Water Is Rising: Music and Dance amid Climate Change is the joint effort of three different indigenous musical troupes and the UCLA Center for Intercultural Performance, under the direction of emeritus professor of World Arts and Cultures Judy Mitoma.

The three troupes were chosen to represent the distinct cultural heritages of three Pacific island-states threatened by rising sea levels: Kiribati, Tokelau, and Tuvalu. Together the three states encompass 45 islands (roughly 330 square miles of land) and a combined population of 114,000, with Kiribati (pronounced kirr-i-bas) comprising almost 90 percent of that total. In fact, College Park, Md., the location of the Clarice Smith Arts Center where the troupes performed on November 4, is nearly equal in size to Tokelau, the smallest of the three — and its population is 25 times larger.

Water Is Rising differs from the other productions that premiered this year in one doubly significant respect: its performers are not acting. Water Is Rising is not a play with a plot but a revue in which the three troupes take turns performing numbers that include both music and dance. But the problems addressed by many of these numbers are also not merely imagined. Each of these island communities already faces real consequences of climate change: rising sea levels, which batter their coasts and salinize their soils and drinking water, and changing patterns of precipitation. By presenting their cultural heritage to the outside world, and thereby attempting to persuade their audiences to take action on climate change, the 36 performers hope to preserve their islands.

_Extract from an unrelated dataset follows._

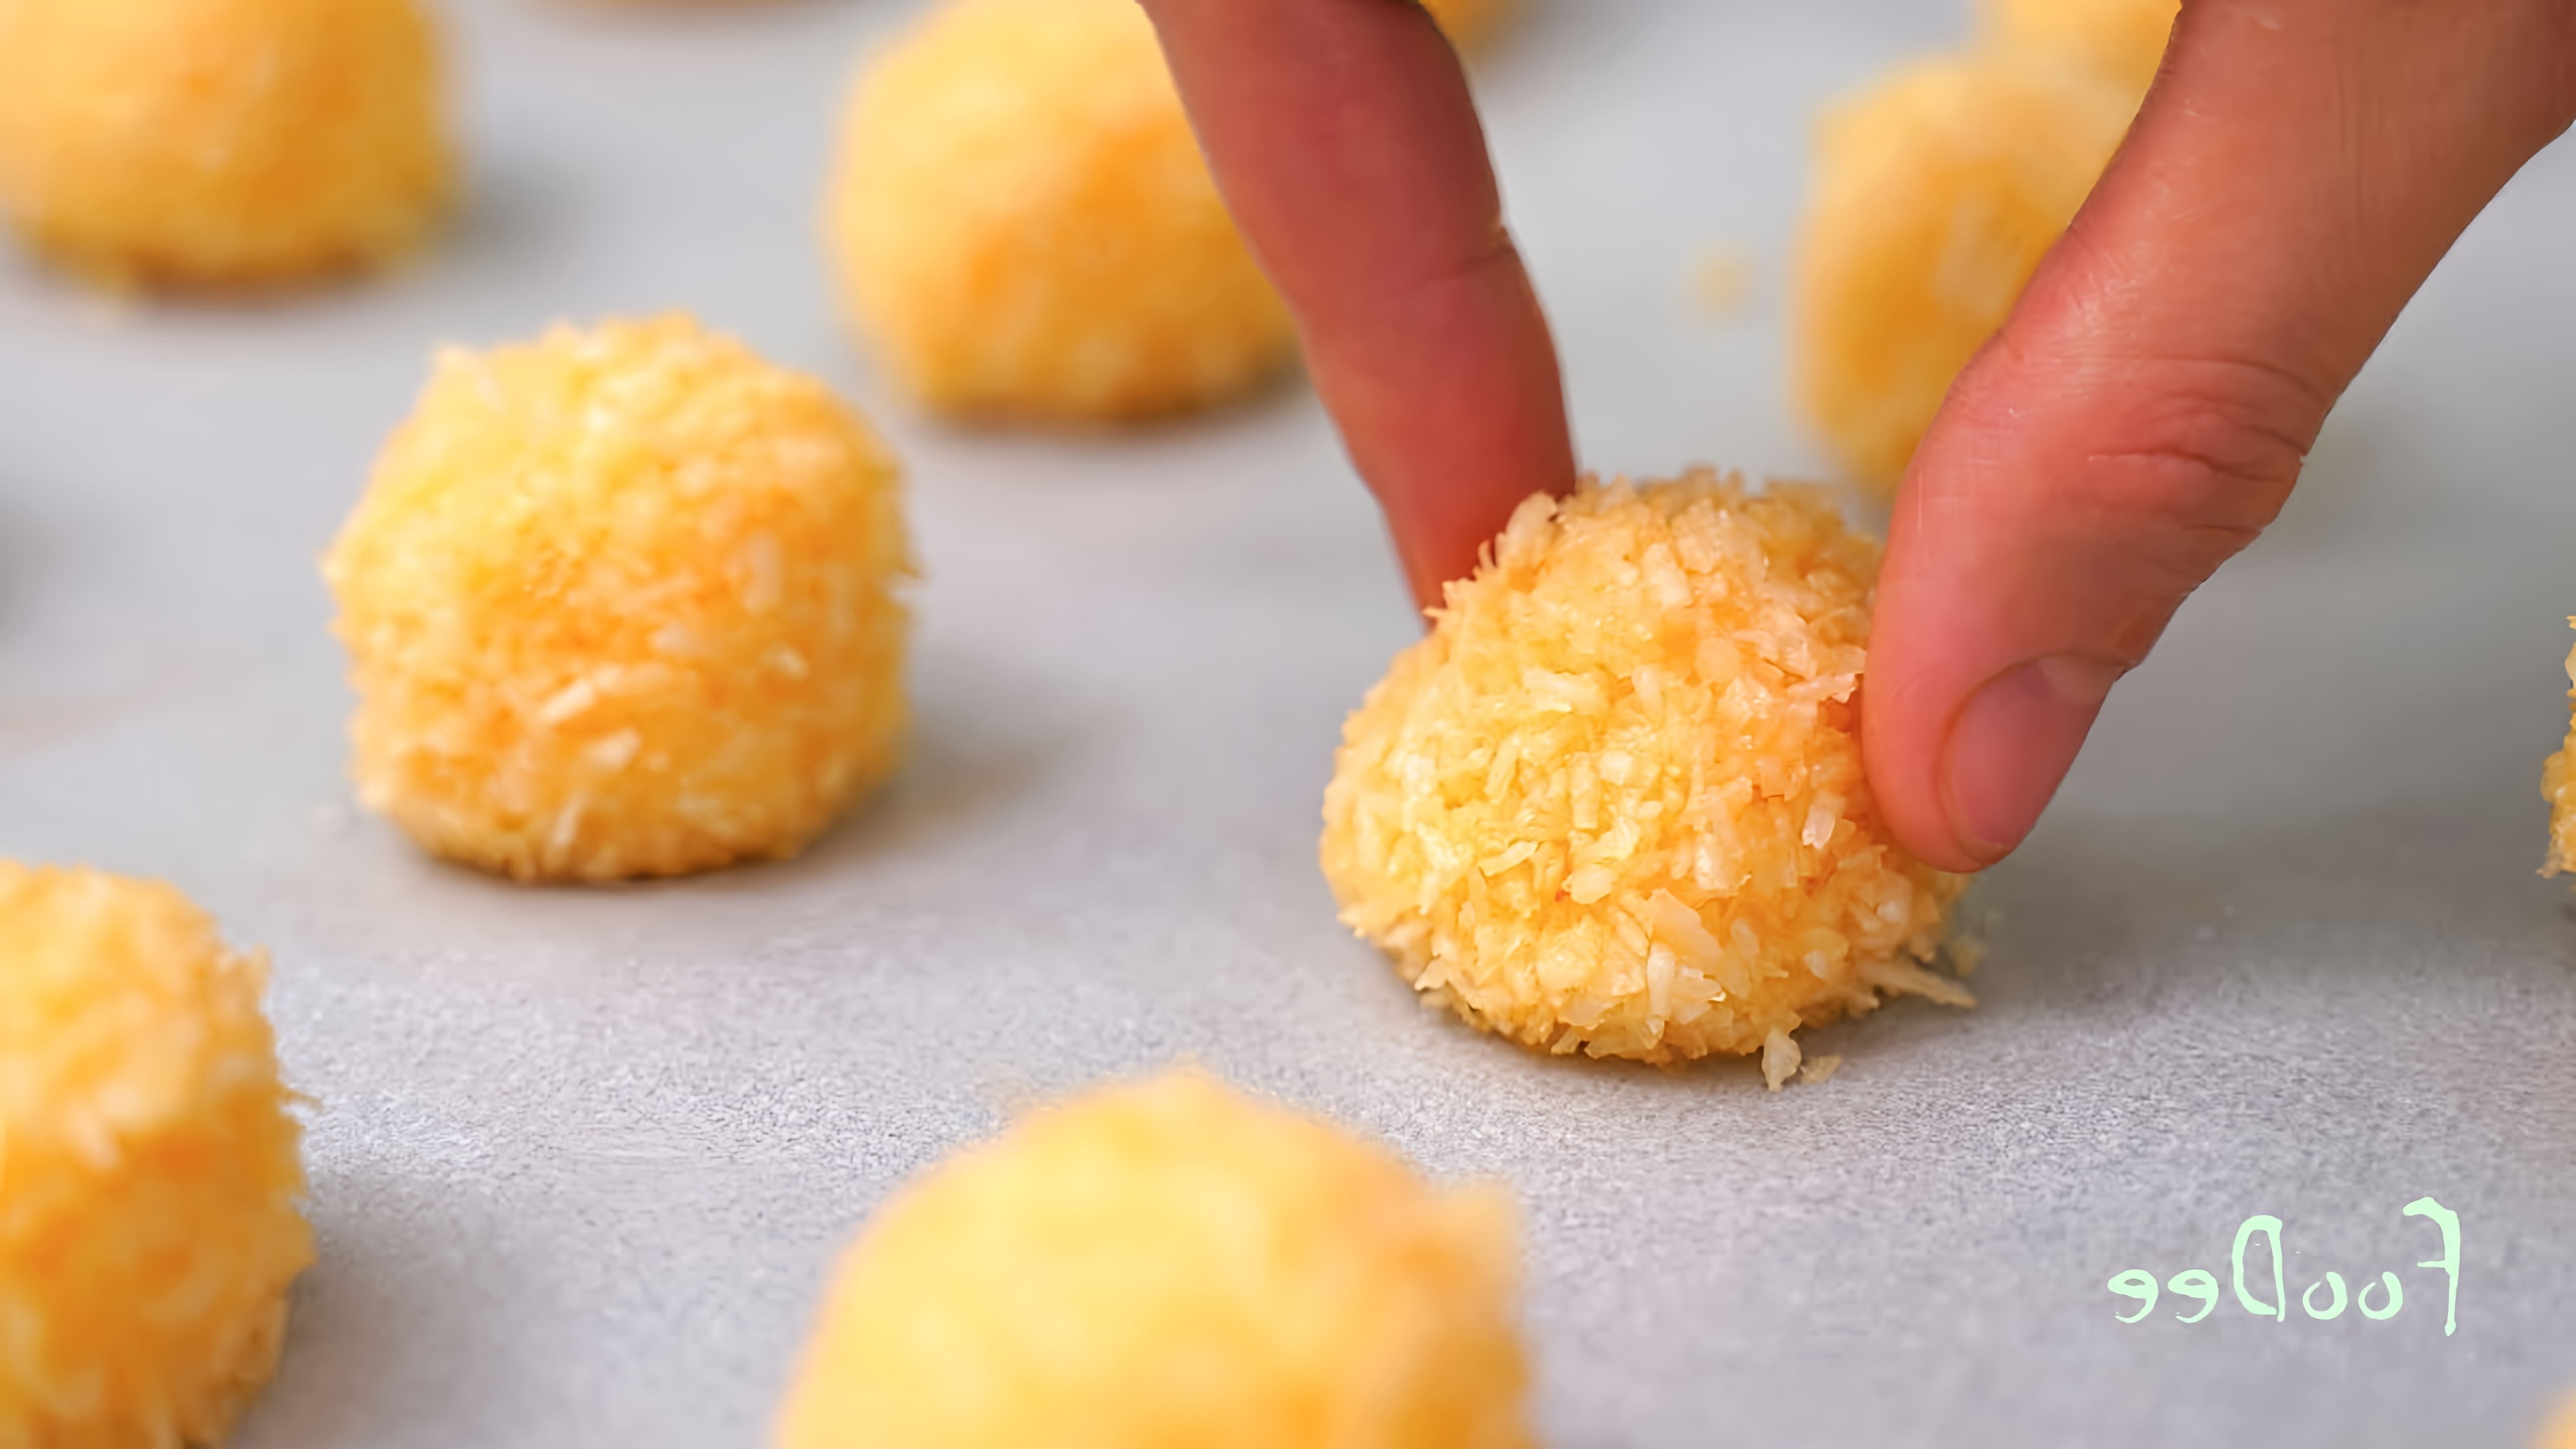 Видео как приготовить очень простое печенье всего за 5 минут, используя только 3 ингредиента - яйца, сахар и кокосовую стружку

Connecting Scenes of Daily Life with Music, Words

To assist the troupes in meeting this objective, the production includes a large screen suspended above the stage, against a backlit backdrop of fish netting. Color photographs are projected onto the screen. Captions, or the words for the number being performed, are then added, line by line, above or below the image. In this way, the audience can connect scenes of daily life in these communities with the music, words, and movements of the performers.

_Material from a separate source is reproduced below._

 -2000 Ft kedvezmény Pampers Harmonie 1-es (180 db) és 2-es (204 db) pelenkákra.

The stage is otherwise bare. The only props are the native costumes, and the only instruments are acoustic guitars, ukuleles, and improvised percussion pieces — a slab of wood, a tin food container, and a small (about two feet by three feet and nine inches high) platform on which the performers slam/slap their hands.

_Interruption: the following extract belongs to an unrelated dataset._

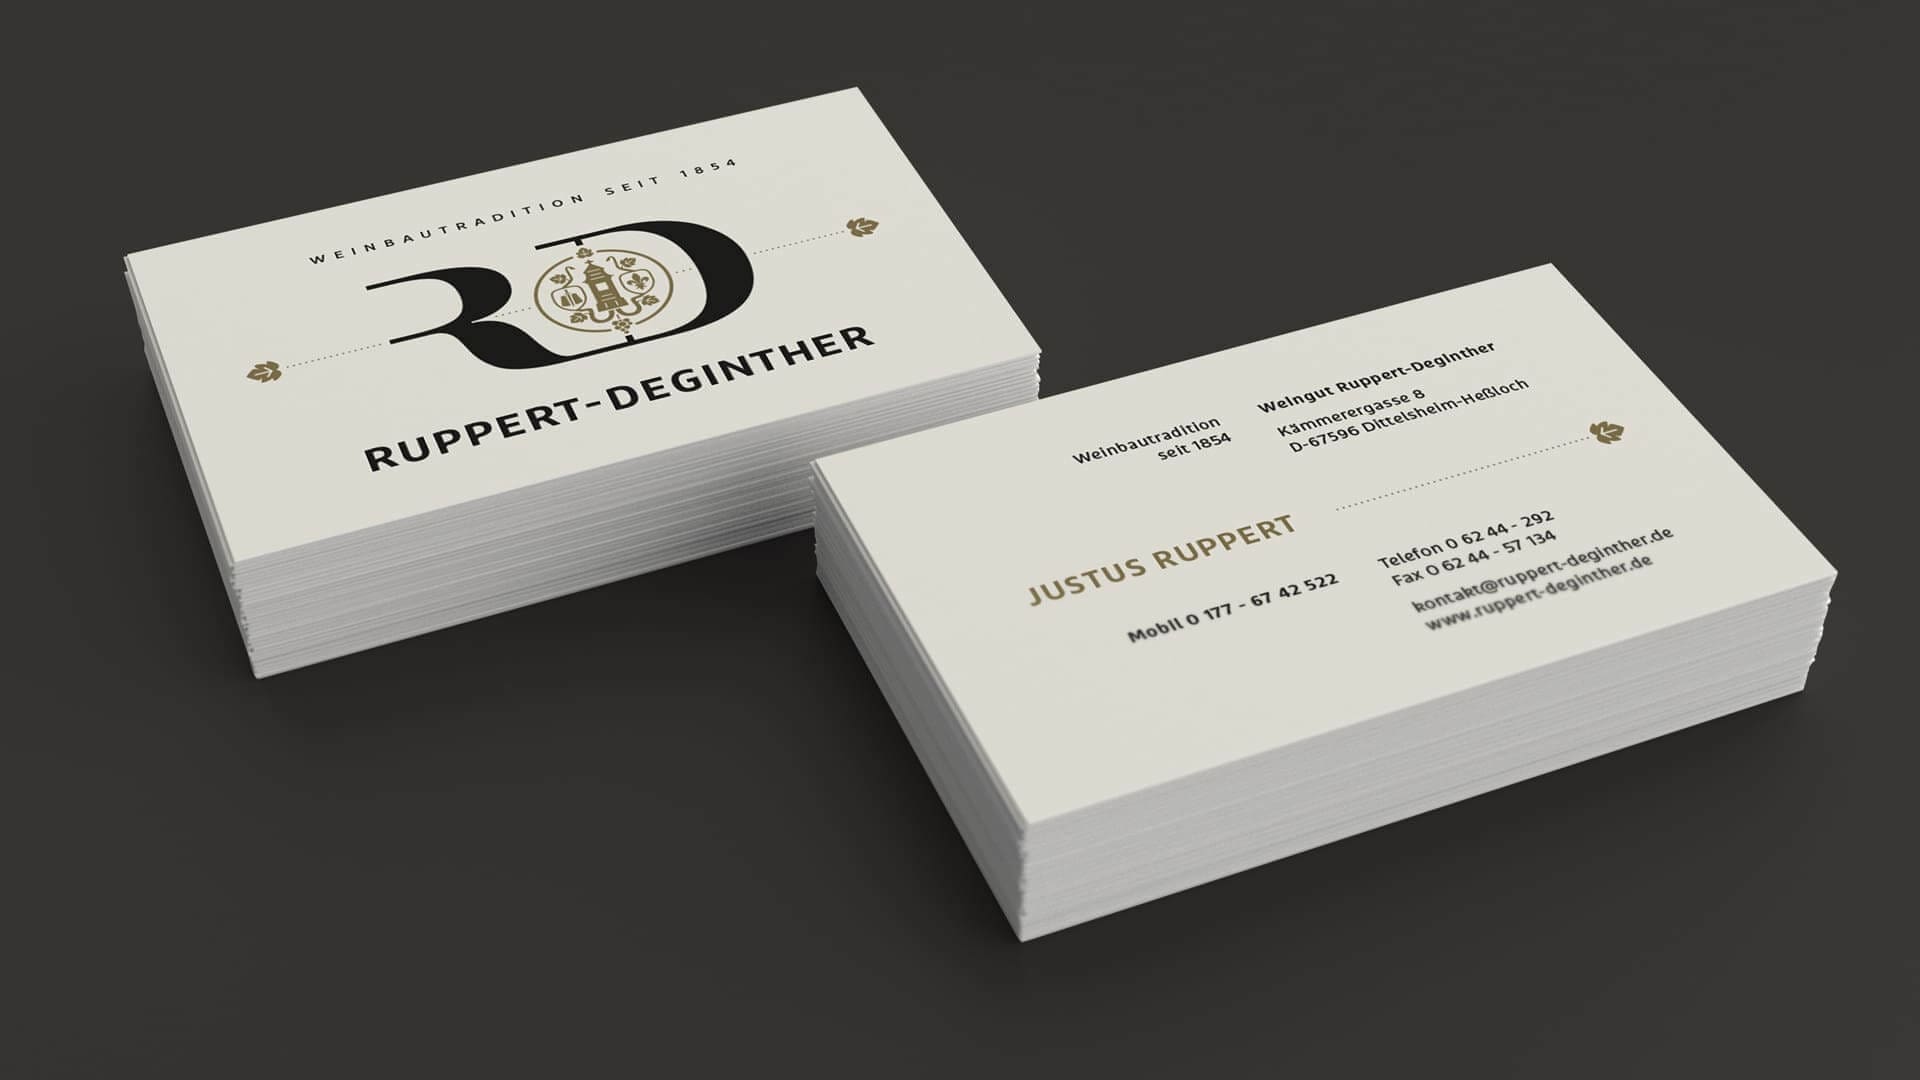 Corporate Identity Design für Ruppert-Deginther | Ein ausgezeichnetes Weingut in Rheinhessen | Darstellung der Visitenkarte (Vorder- und Rückseite)

That night’s performance began with a projected image of Earth from space, which then closed in on the United States. From there, viewers were carried across the Pacific, to each of the three island groups. Then one heard a chorus — but not from the stage. One troupe took facing positions on opposite sides of the balcony. The other two troupes bordered the audience below. All then filed to the stage, where they sat, cross-legged, in two rows just in front of the backdrop.

During this first part of the program, which featured traditional songs/dances about their island lives and histories, the troupes took turns: performing in the front for 15-20 minutes, then serving as an appreciative back-of-stage audience for the next 35-40 minutes. The highlight of this first hour: an increasingly feverish song about gathering coconuts to ransom fellow islanders held captive by white traders: “Do we have enough? Is it enough? Let us get some more.”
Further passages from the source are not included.